General Description

Considering the gene expression process, we can divide the process into two major sections, protein synthesis and protein degradation.

Assumption 1: Protein synthesis and degradation are deterministic processes in the system.

Therefore, we can derive following equation:

$\frac{d[P]}{dt} = v_{ProteinSyn} - \beta P$

where in this equation, $[P]$ represents the concentration of the protein, while the $v_{synthesis}$ represents the velocity of the synthesis and $\beta$ represents the degradation rate of the protein.

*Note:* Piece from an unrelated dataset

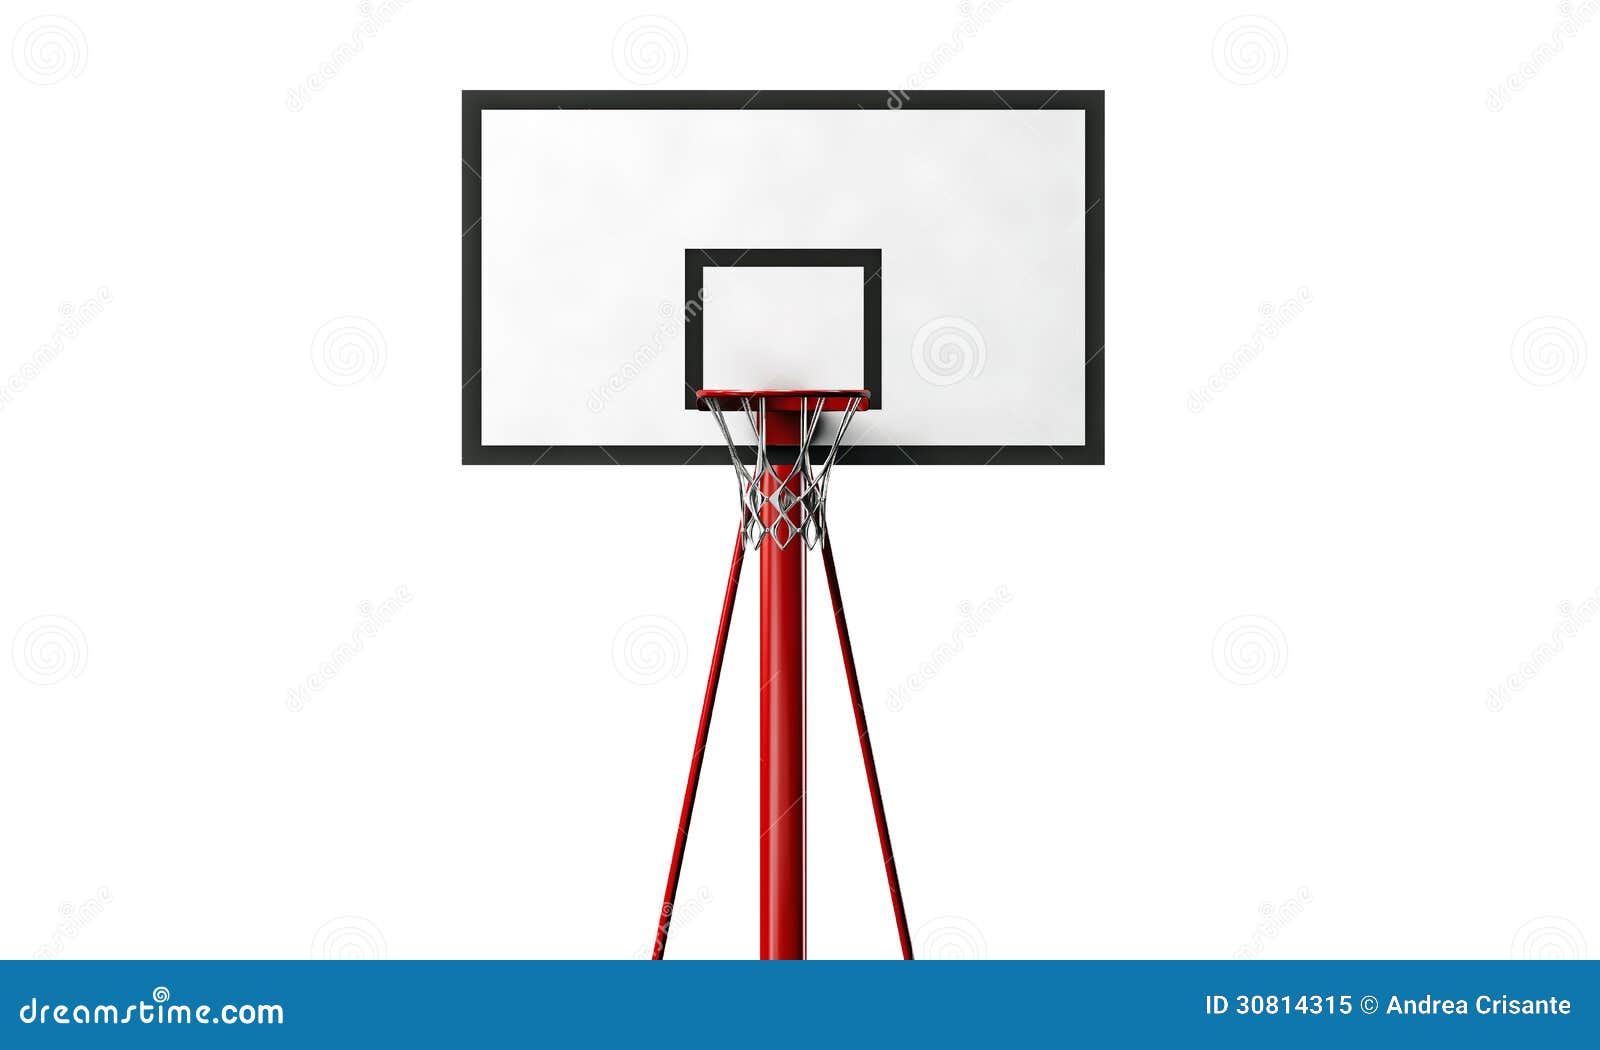 Basketball hoop stock illustration. Illustration of athletics - 30814315
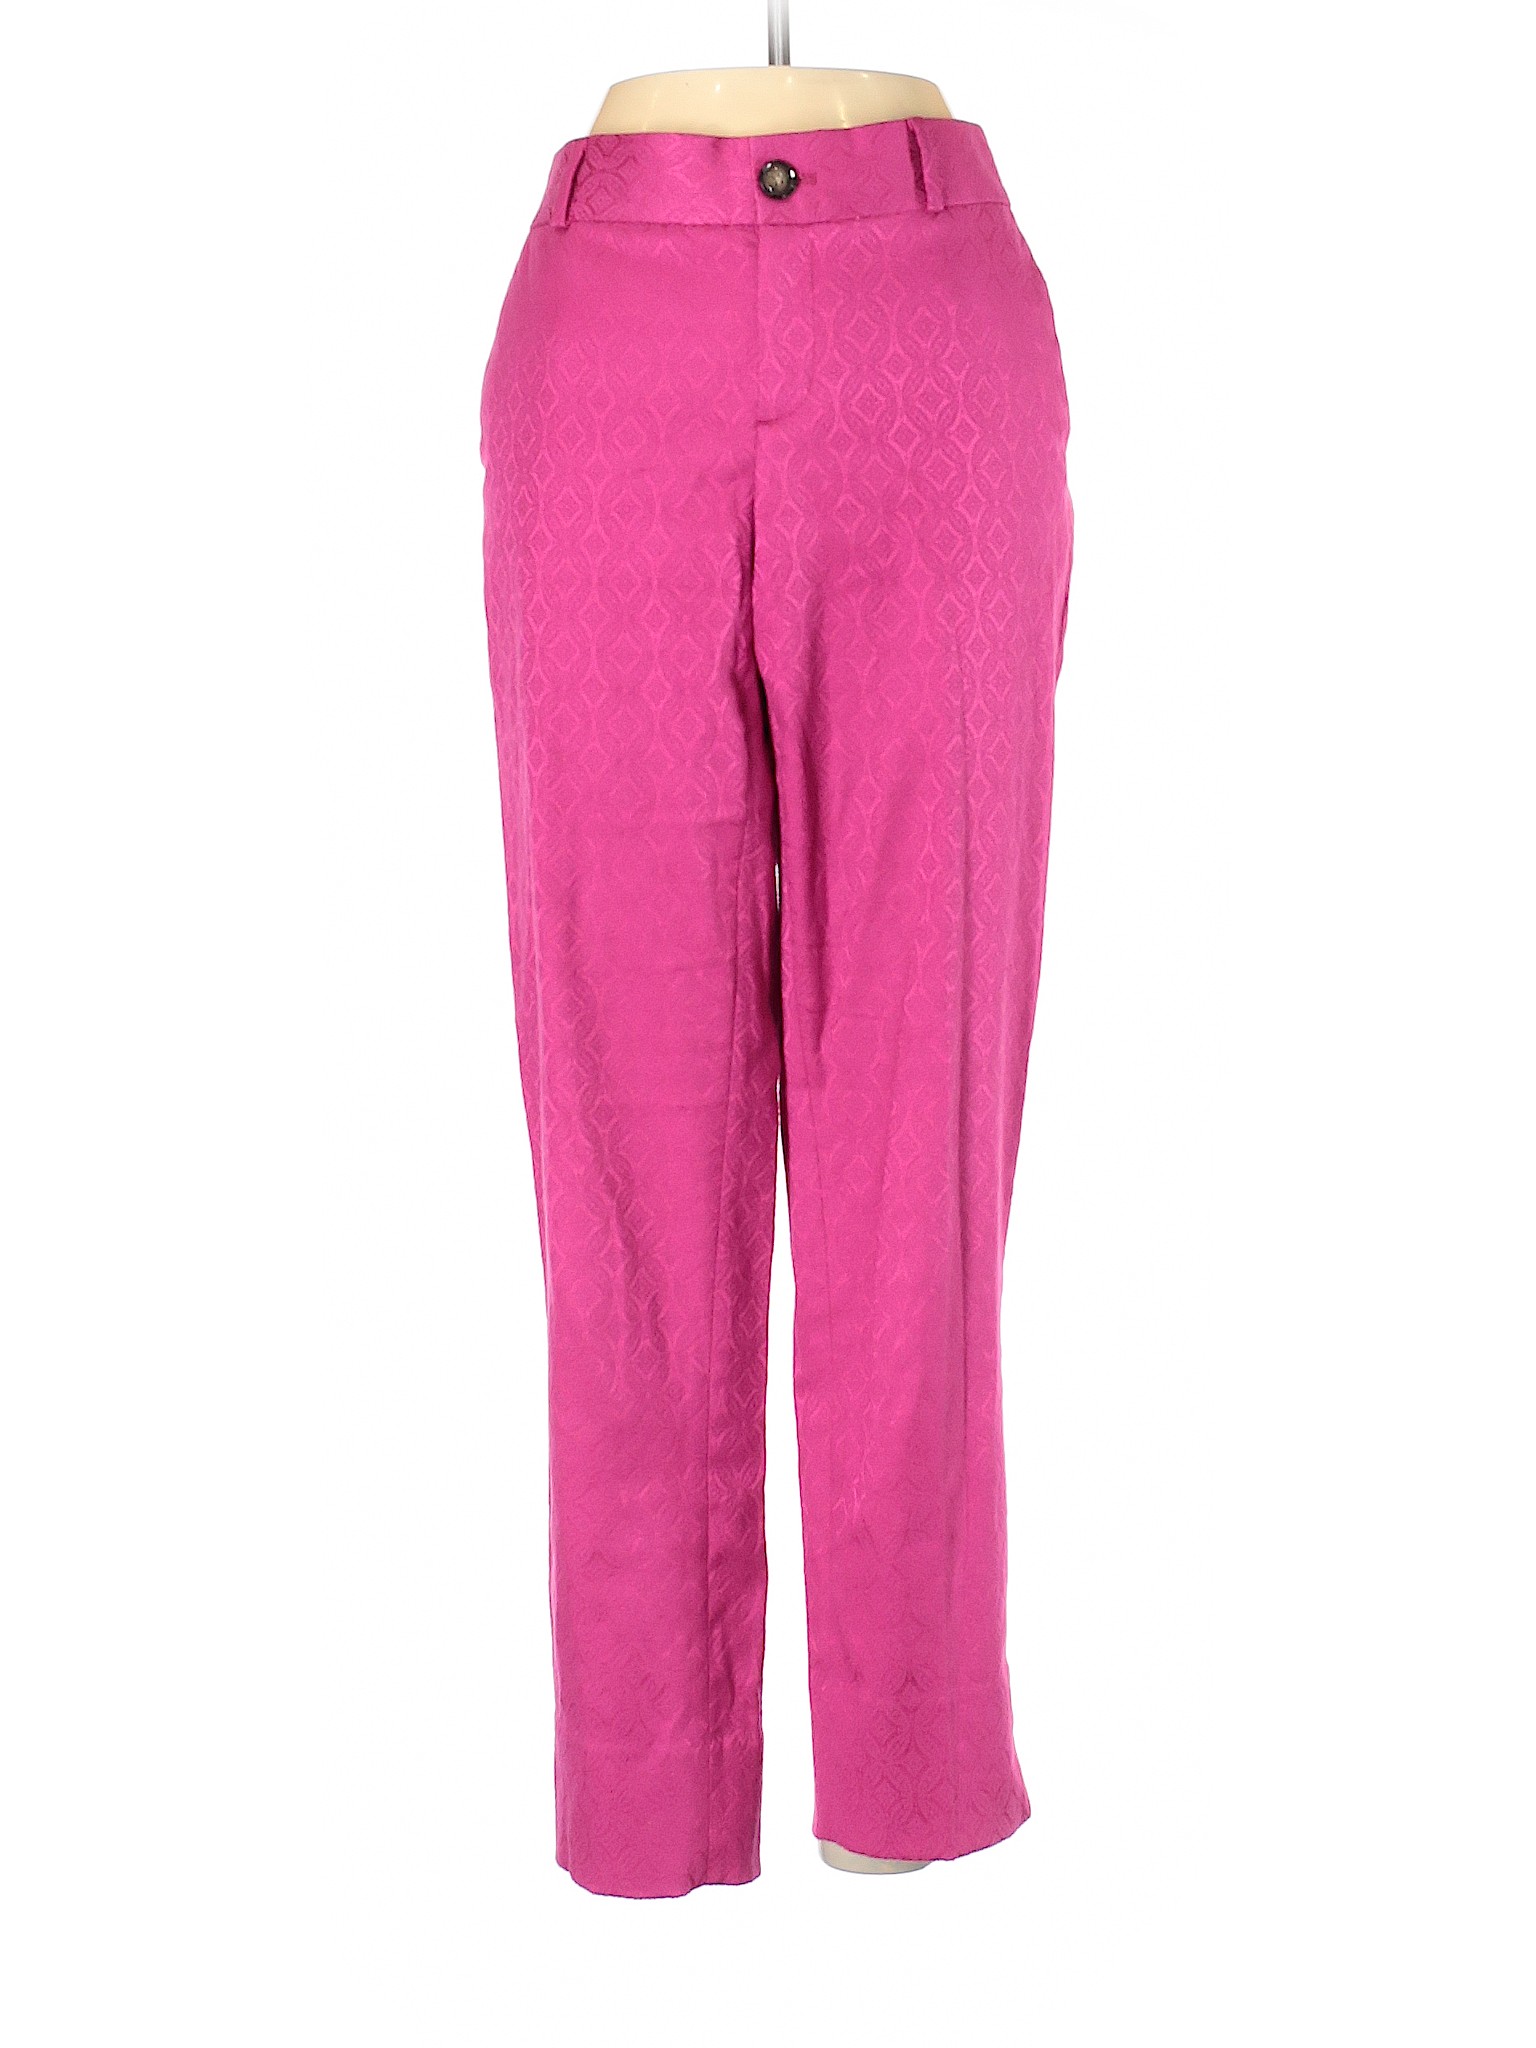 Banana Republic Women Pink Casual Pants 2 | eBay

While focusing on the synthesis of the protein, it can be divided into transcription, translation and degradation of mRNA.

Assumption 2: Protein Synthesis is considered to be the process of transcription, translation and mRNA degradation.

Thus, we can get these expressions:

$v_{ProteinSyn} = k_{TL}[mRNA]$

$\frac{d[mRNA]}{dt} = v_{mRNASyn} - \delta[mRNA]$

If transcription factor (TF) is an activator that increases the production of the protein, $P$, then the rate of production of $P$ will be proportional to the fraction of the factors that are bound, $\theta$. If TF is a repressor, then the rate will be
proportional to $(1 − θ)$. $\delta$ is the degradation constant of mRNA. (Chandran D et al., 2008)

$v_{mRNASyn}$ can be represented by the transcriptional constant $k_{TC}$ and the fraction of TF that are bound:

$v_{mRNASyn} = k_{TC}\theta$

if the TF is the activator, while

$v_{mRNASyn} = k_{TC}(1-\theta)$

if the TF is the repressor.

As a whole, the kinetic equations of a protein is:

$\frac{d[P]}{dt} = k_{TL}[mRNA] - \beta [P]$

$\frac{d[mRNA]}{dt} = k_{TC}\mathcal{F^{+-}} - \delta[mRNA]$

$\mathcal{F^{+-}}=\left\{ \begin{aligned} & \theta \quad\quad\quad, \text{activator} \\ & (1-\theta) \quad, \text{repressor} \\ \end{aligned} \right.$

Hill-Langmuir Equation

Hill function is widely used in describing the interaction between promoter and its transcription factor. (Goldenfeld N et al., 2007)

A useful function that describes many real gene input functions is called the Hill function. The Hill function can be derived from considering the equilibrium binding of the transcription factor to its site on the promoter.

Likewise, the description of Hill equation in Wikipedia is:

In biochemistry and pharmacology, the Hill equation refers to two closely related equations that reflect the binding of ligands to macromolecules, as a function of the ligand concentration.

According to Hill-Langmuir equation, the fraction of the receptor protein concentration that is bound by the ligand $\theta$ is represented by the concentration of the ligand $[L]$, the dissociation constant $K_d$ and the Hill coefficient $n$.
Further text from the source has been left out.